Ed,
I an afraid you have killed what was perhaps a retirement dream. I wanted to re-do a Lefever book with information added through years of Lefever Arms...
Dr. Bob: Books are still being solicited to be published by schifferbooks.com and, I believe, Tom Rowe, but my take on it is it will cost more than the sales will justify.
A person I know had a Winchester ammo book done by Schiffer and paid the whole tab at retail; he got half of the print run for his money, and sold to known true believers, and now sets up at the Chicago CADA show to try to make ends meet. Schiffer held back half of the print run and pays royalties if and when they sell any. This was a labor of love, I'm sure.
Tom Rowe (an old friend) was going to help wife Nancy and I go the next step from raw transcript in the C-drive to picture loading, set-up, composition, etc. in summer of 2007. We were heading south to kick back with our kids and grand-kids at a summer rental in the Smokies near Ashville NC, with the next stop at Tom's place in SW Virginia, when on a hunch I stopped by Collector Books in Paducah on the way...and
Viola! I ducked the self-publishing bullet.
Methinks that a retired doctor ought to be able to execute on his retirement dream. Being involved in collecting and shooting old-time double guns is not cost effective...a labor of love. Don't let the $$$ dissuade you from adding something to the body of knowledge. My first choice in self-publishing would have been Tom Rowe in VA, and next stop Schiffer in PA.

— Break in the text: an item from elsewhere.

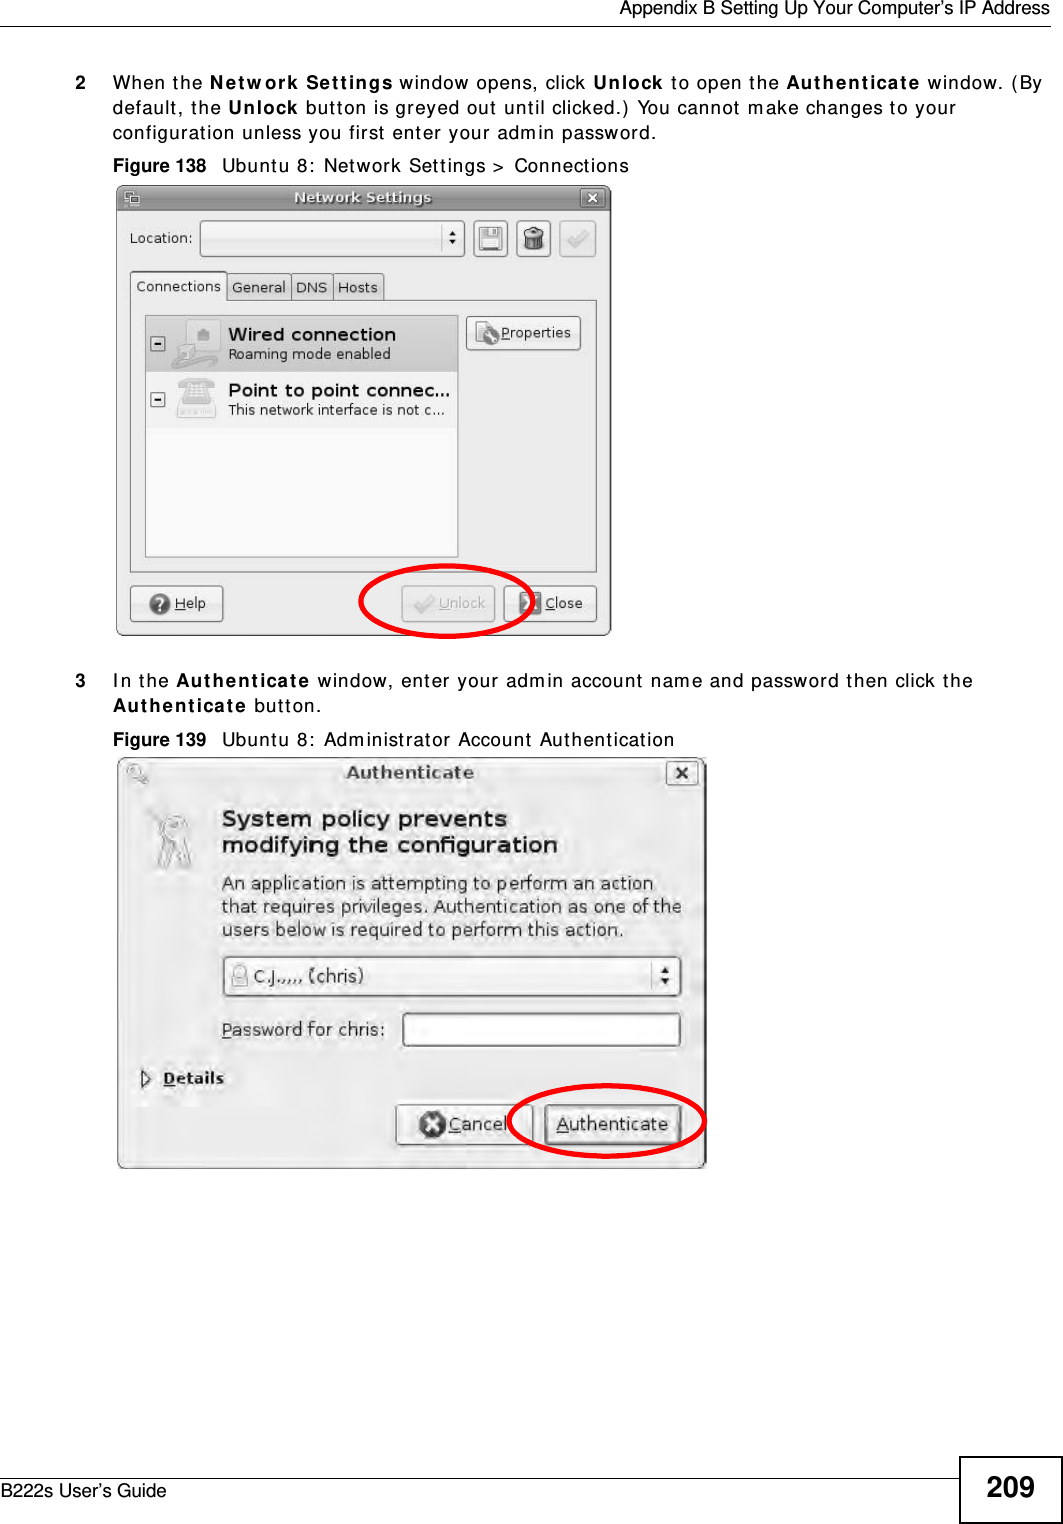  Appendix B Setting Up Your Computer’s IP AddressB222s User’s Guide 2092When the N e t w or k  Set t ings window  opens, click Unlock  t o open t he Au t he n t ica t e window. ( By default, t he Unlock butt on is greyed out until clicked.)  You cannot  m ake changes t o your configurat ion unless you first  enter your adm in password.Figure 138   Ubunt u 8:  Network Sett ings &gt;  Connect ions3I n t he Au t he nt ica t e  window, ent er your adm in account  nam e and password t hen click the Au t he n t ica t e butt on.Figure 139   Ubunt u 8:  Adm inistrator Account  Aut hent icat ion
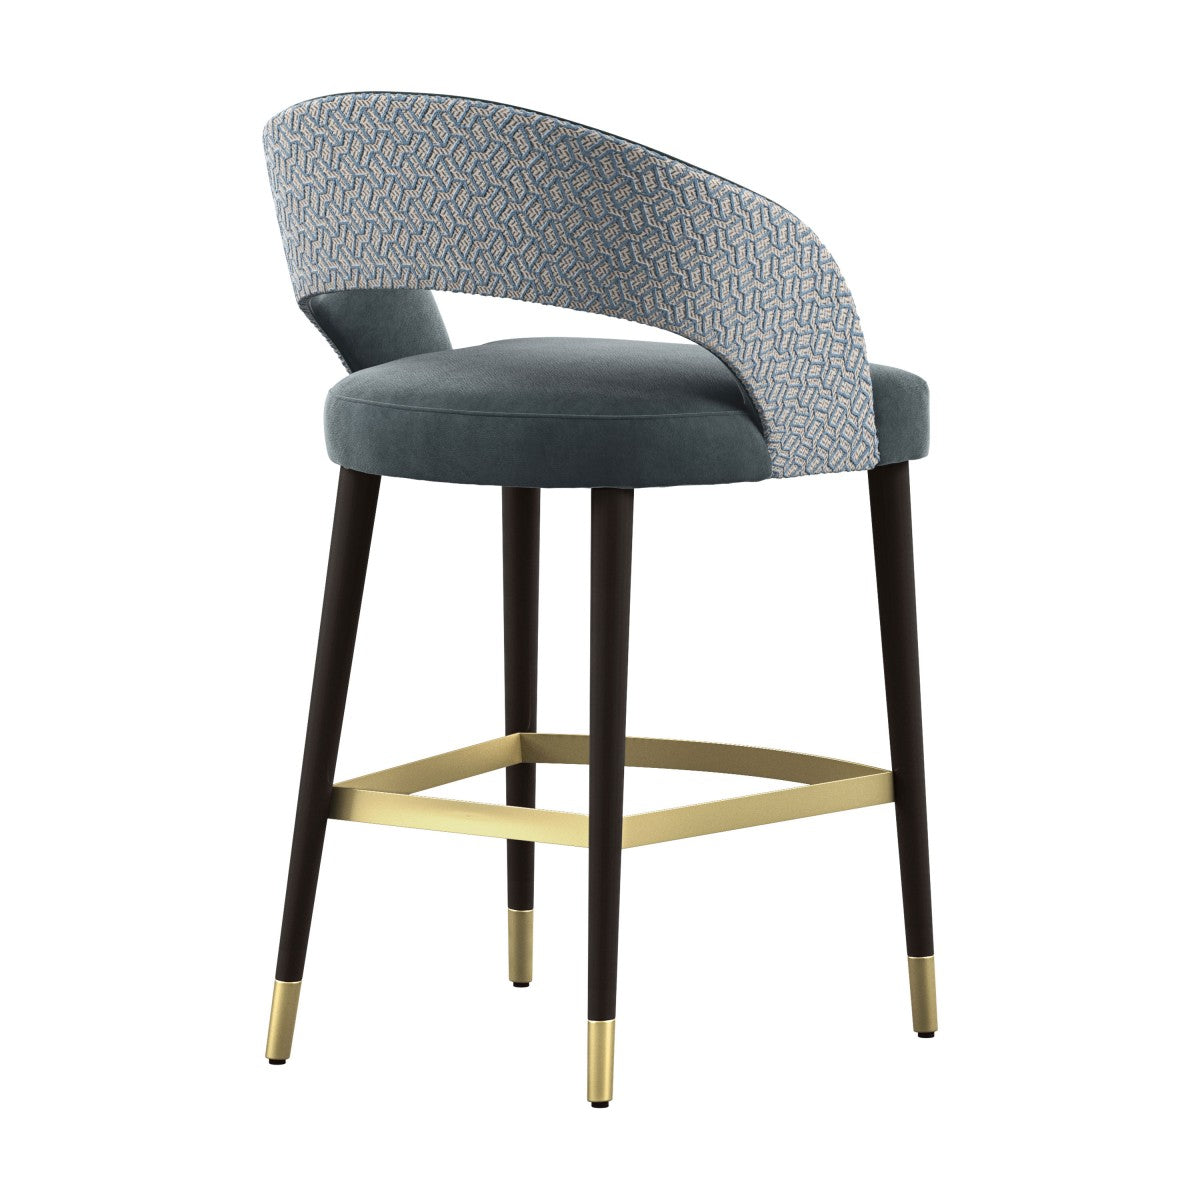 Julia Bespoke Upholstered Contemporary Kitchen Counter Barstool MS638C Custom Made To Order

As to PeteM's advice about "print-on-demand," you should investigate how many books have been done that way that have the necessary production qualities of the gun-related books you are used to reading. Taking
Shooting Flying from C-drive M/S plus image-portfolio to print-ready disc was going to involve a two week tutorial for this IL resident and his typist/editor/wife (and ParkerDog) camped out in the Road Trek in VA. Keep in mind that I had been part of the publishing process of my first two books--PG:T"OR" and WDWP--and self-published the third--Knight of the Trigger--albeit with no pictures. So, Yes, POD is always a posibility, but: Query: Has anyone ever done it with the type and quality of book gun that gun collectors expect?
And there's more:
Shooting Flying was edited and peer reviewed by editors of
SSM, The Gun Report, and
Parker Pages, plus an intellectual property attorney, three other published double-gun authors, and the publisher of my other books (Safari Press), not to mention fine tuning by the English majors at Collector Books, which published
Shooting Flying.
So here's what I suggest: Take your Lefever book to M/S and circulate it among your peers for review and to generate interest. Build a picture portfolio. Contact Jim Julia and Pat Hogan (RIA) and perhaps they can help you with pictures of guns they have sold at auction. Look at
Shooting Flying and see how many pictures are credited to major auction houses, Remington, and The National Sporting Library. The price I paid to get these good images on CD was simply to credit them.
The next step is to sample the demand: I offered a 500 Ltd. Ed. to the "true believers" @ $100 + S&H and the self-publishing war chest started to fill up. And here was a new trick: I promised to list all pre-publication "Patrons" up-front on a special page. Check out p.5 of
Shooting Flying for the "true believers" of Parkerdom ca. 2007-08. As it was, I managed to find a conventional publishing deal...but for someone going to Tom Rowe or Schiffer it would be nice to know what part of your nut will be self liquidating.
A Caveat: Be careful of pre-pricing. The Parker Story guys sold lots of their two-volume tome pre-publication, but flubbed the dub on retail pricing versus cost. Most of their true-believing early buyers paid about $170 for the two volumes, while the less-motivated procrastinators had to cough up $300, which put a crimp on sales both at retail ($300 is not chump change); and at wholesale, where distributors and dealers want and need 40% to 50% off cover price, such discounting for quantity and wider distribution would have priced the books below cost.